**TO DO**. There is material below. Print exactly the lines starting at the line with "Kyle Shanahan faces" and ending at the line with "San Diego, California, USA.", ends included, and no others.

**EXTRACTED MATERIAL**.

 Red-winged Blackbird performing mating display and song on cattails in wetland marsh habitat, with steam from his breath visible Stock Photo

...

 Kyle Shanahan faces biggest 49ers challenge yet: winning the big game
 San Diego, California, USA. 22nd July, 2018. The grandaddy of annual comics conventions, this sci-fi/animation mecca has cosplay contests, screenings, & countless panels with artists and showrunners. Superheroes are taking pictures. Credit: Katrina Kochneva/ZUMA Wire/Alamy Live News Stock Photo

...

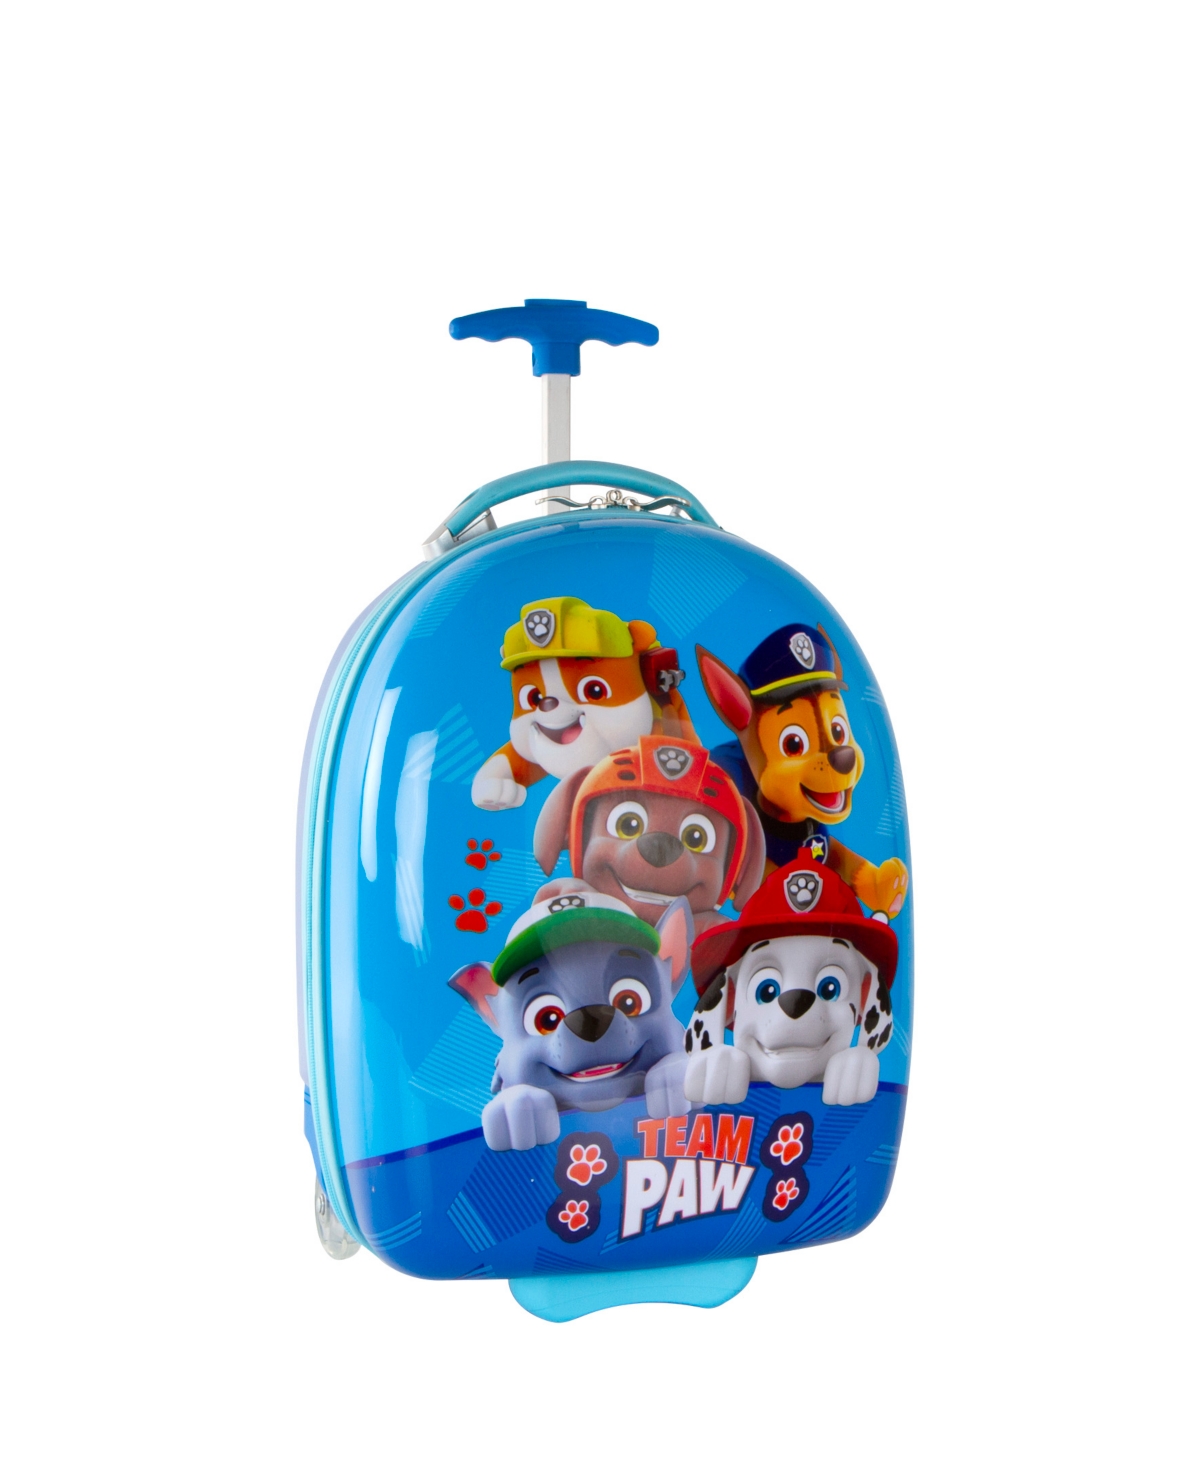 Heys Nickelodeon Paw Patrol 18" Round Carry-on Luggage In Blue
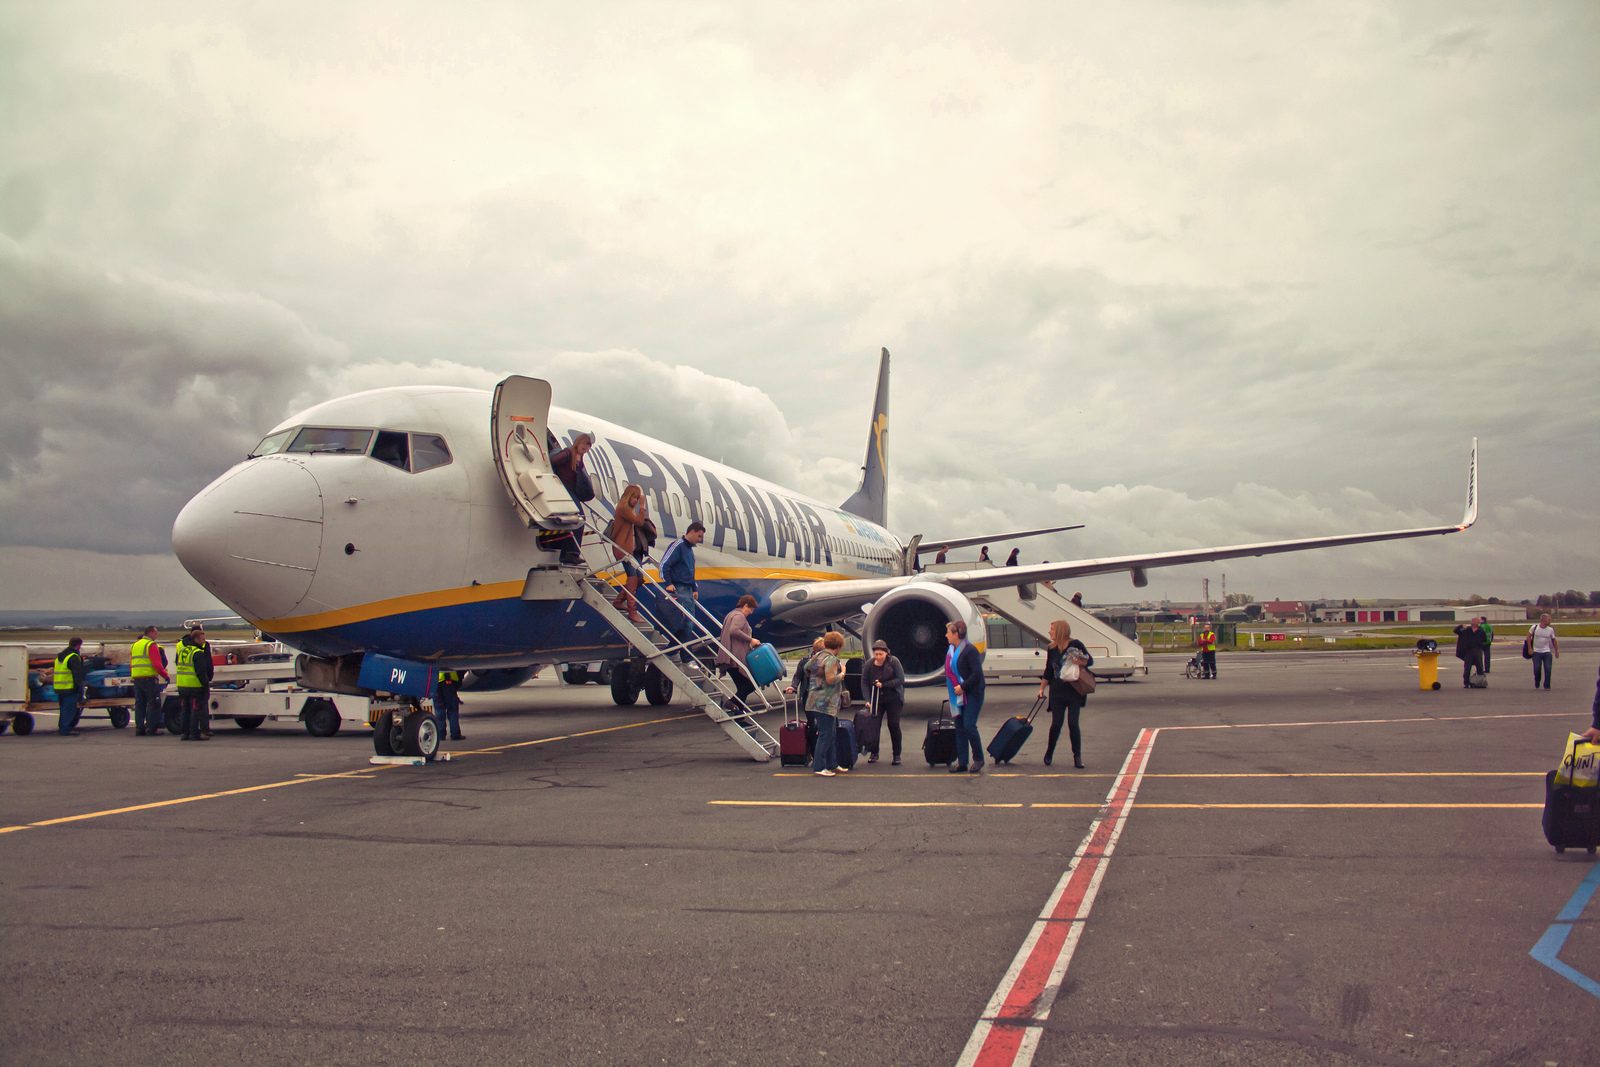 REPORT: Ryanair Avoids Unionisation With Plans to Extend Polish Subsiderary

**RESULT OF THE EXERCISE**.
 Kyle Shanahan faces biggest 49ers challenge yet: winning the big game
 San Diego, California, USA. 22nd July, 2018. The grandaddy of annual comics conventions, this sci-fi/animation mecca has cosplay contests, screenings, & countless panels with artists and showrunners. Superheroes are taking pictures. Credit: Katrina Kochneva/ZUMA Wire/Alamy Live News Stock Photo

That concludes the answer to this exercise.